Duitama J, McEwen GK, Huebsch T, Palczewski S, Schulz S, Verstrepen K, Suk EK, Hoehe MR - Nucleic Acids Res. (2011)

Bottom Line: We expanded the haplotypes for NA12878 by combining the current haplotypes with our fosmid-based haplotypes, producing near-to-complete new gold-standard haplotypes containing almost 98% of heterozygous SNPs.This improvement includes notable fractions of disease-related and GWA SNPs.Integrated with other molecular biological data sets, this phase information will advance the emerging field of diploid genomics.
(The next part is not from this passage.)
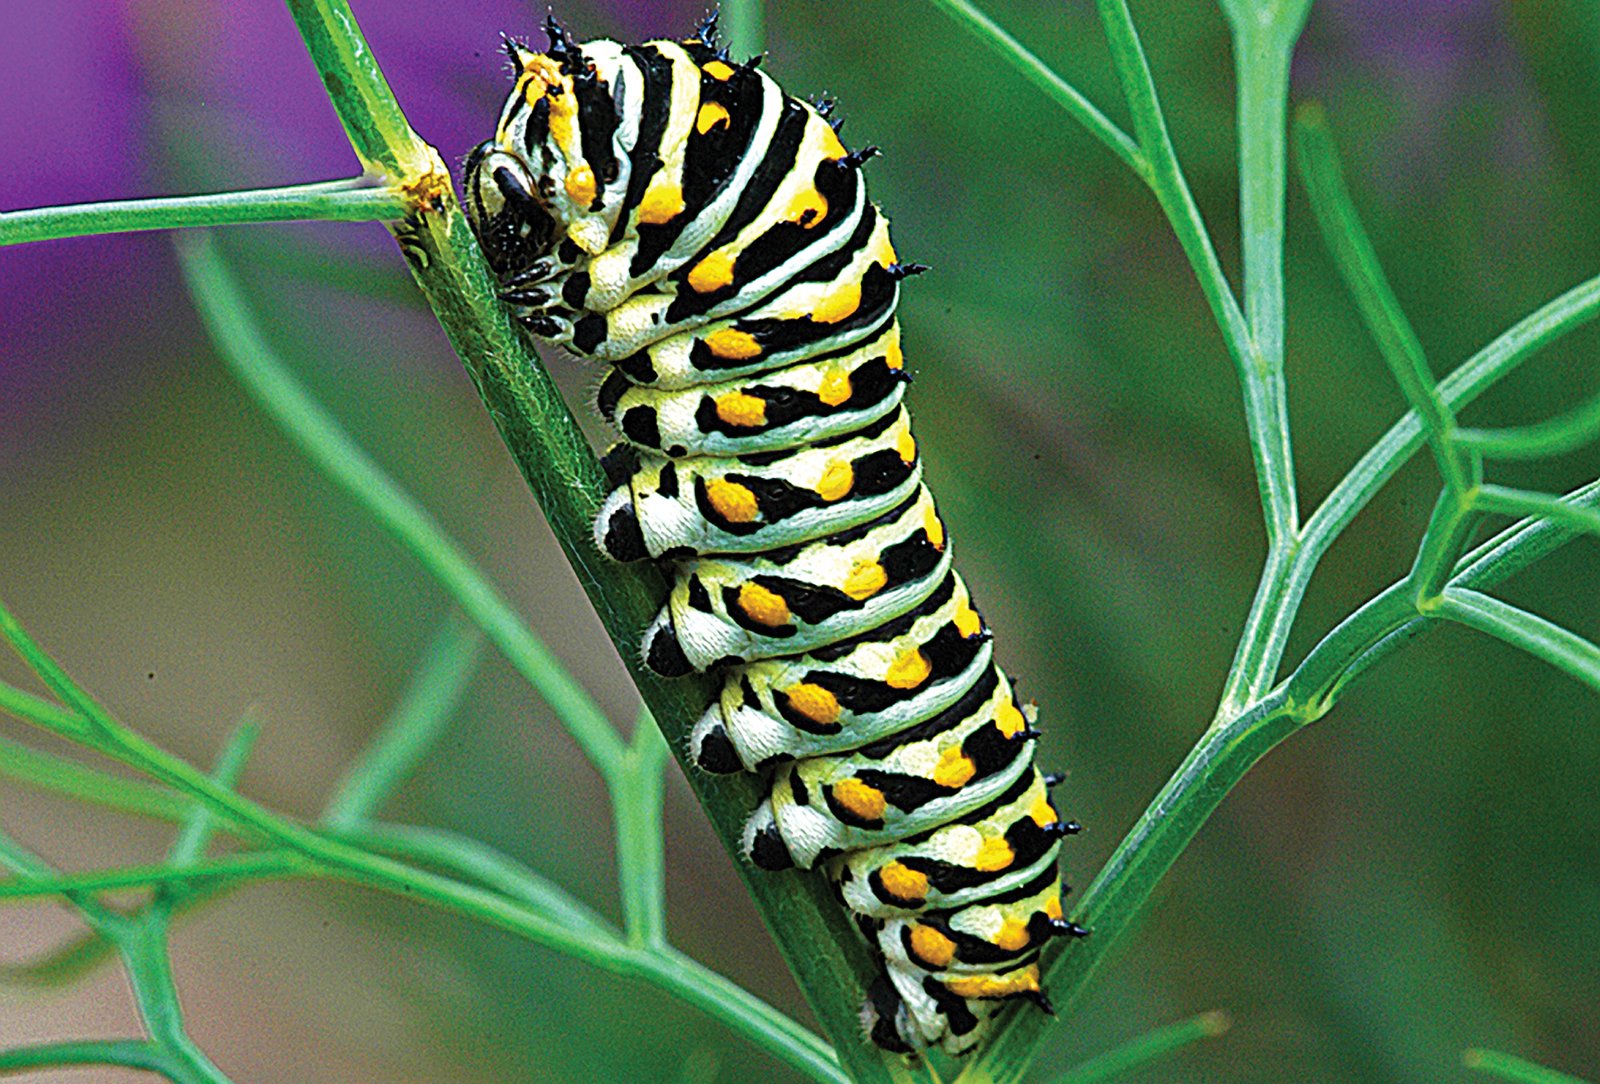 Black_Swallowtail_caterpillar_Ipswich_River_Wildlife_Sanctuay_MA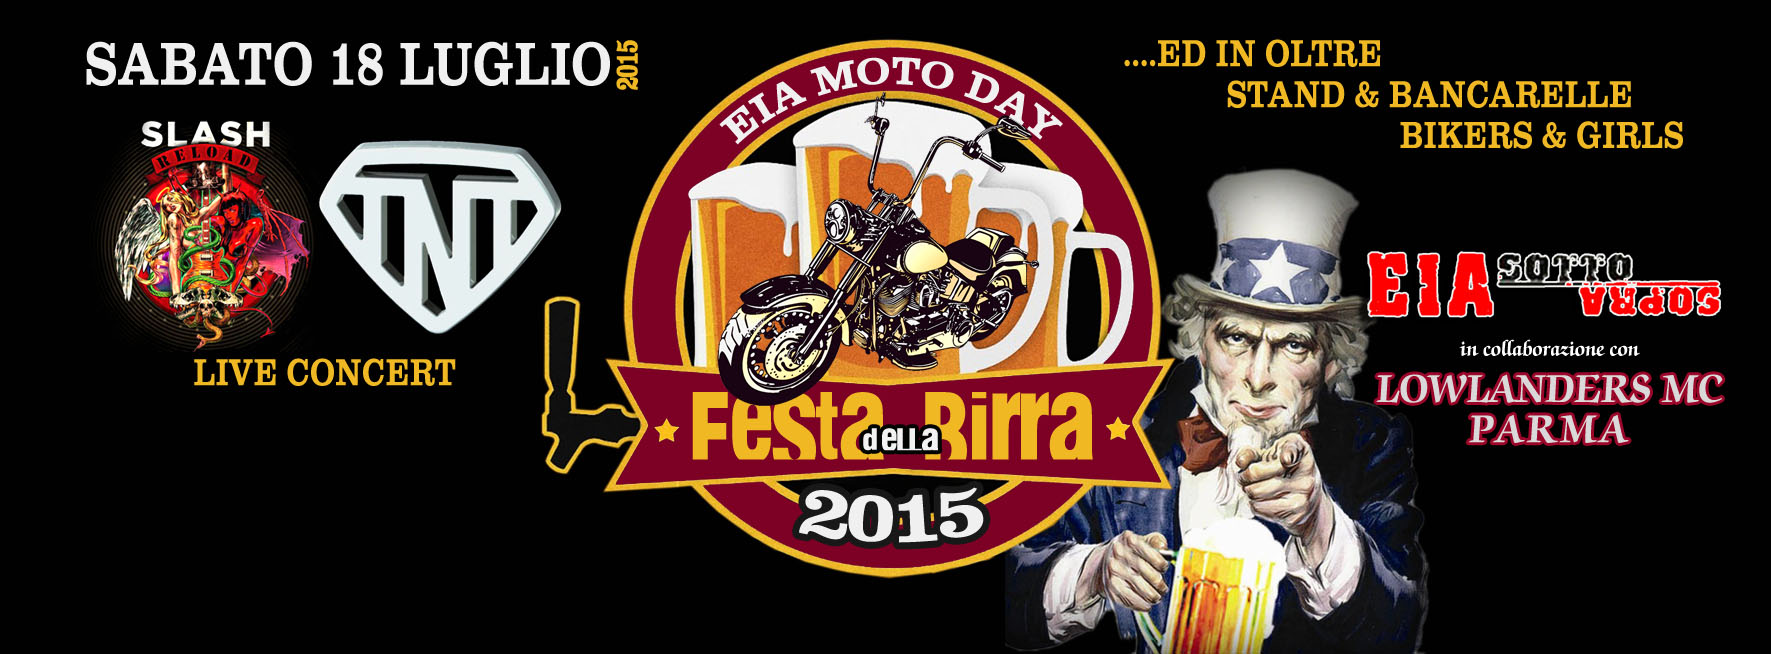 Eia motor day 2015

View Article: PubMed Central - PubMed

Affiliation: Department of Vertebrate Genomics, Max Planck Institute for Molecular Genetics, Ihnestr. 63-73, D-14195 Berlin, Germany. Jorge.DuitamaCastellanos@biw.vib-kuleuven.be

ABSTRACT
Determining the underlying haplotypes of individual human genomes is an essential, but currently difficult, step toward a complete understanding of genome function. Fosmid pool-based next-generation sequencing allows genome-wide generation of 40-kb haploid DNA segments, which can be phased into contiguous molecular haplotypes computationally by Single Individual Haplotyping (SIH). Many SIH algorithms have been proposed, but the accuracy of such methods has been difficult to assess due to the lack of real benchmark data. To address this problem, we generated whole genome fosmid sequence data from a HapMap trio child, NA12878, for which reliable haplotypes have already been produced. We assembled haplotypes using eight algorithms for SIH and carried out direct comparisons of their accuracy, completeness and efficiency. Our comparisons indicate that fosmid-based haplotyping can deliver highly accurate results even at low coverage and that our SIH algorithm, ReFHap, is able to efficiently produce high-quality haplotypes. We expanded the haplotypes for NA12878 by combining the current haplotypes with our fosmid-based haplotypes, producing near-to-complete new gold-standard haplotypes containing almost 98% of heterozygous SNPs. This improvement includes notable fractions of disease-related and GWA SNPs. Integrated with other molecular biological data sets, this phase information will advance the emerging field of diploid genomics.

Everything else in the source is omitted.